United States v. Novak, 918 F.2d 107, 110 (10th Cir. 1990).

Here, even if the prosecutor’s conduct were improper, the record shows that it did not influence the jury’s verdict. Defense counsel objected to the government’s question before Officer Cowans could even respond. The district court sustained the objection and instructed the jury to ignore the last question.

See United States v.

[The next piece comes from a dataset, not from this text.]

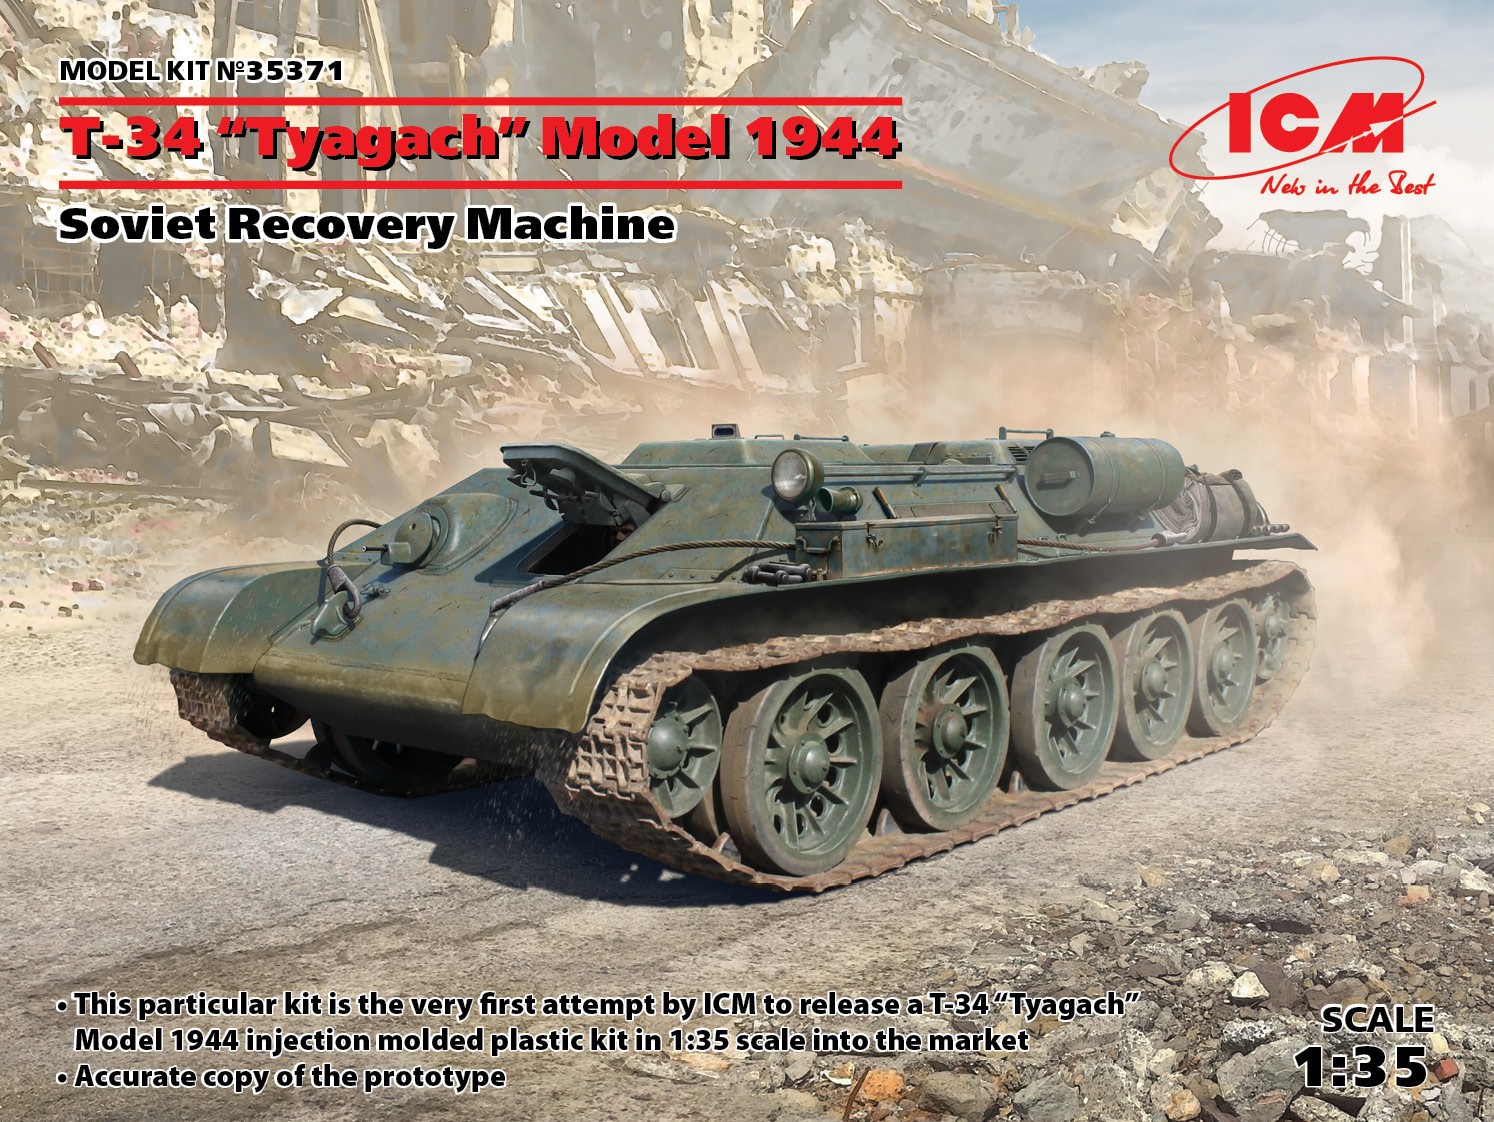 Maquette ICM Soviétique T-34 Tyagach modèle 1944, machine de récupér

Preston, 634 F.2d 1285, 1293 (10th Cir. 1980) (“The timely objection and the sustaining of the objection certainly detracts from a conclusion of prejudice.”). No witness testimony even existed to influence the jury, let alone influence the jury to the extent of “convict[ing] . . . on an improper basis.” United States v. Kepler, 74 F.4th 1292, 1316 (10th Cir. 2023); see also Caballero, 277 F.3d at 1245 (“The prosecutor’s questions, objected to by the defense, stricken by the court, and unanswered by the witness, did not prejudice the defense.”). “We ordinarily will not reverse if the misconduct was merely singular and isolated.” United States v. Ivy, 83 F.3d 1266, 1288 (10th Cir. 1996) (cleaned up). Smith also cites no evidence that the jury failed to Appellate Case: 23-7068 Document: 39-1 Date Filed: 10/18/2024 Page: 21

follow the district court’s curative instruction. United States v. Christy, 916 F.3d 814, 826 (10th Cir. 2019) (“We presume that juries follow the district court’s curative instructions unless there is reason to believe otherwise.”).

Within the context of the entire trial, the prejudice from the prosecutor’s single unanswered question does not reach the high threshold required for reversal.

We find no abuse of discretion in the district court’s denial of a mistrial.

CONCLUSION For these reasons, we affirm.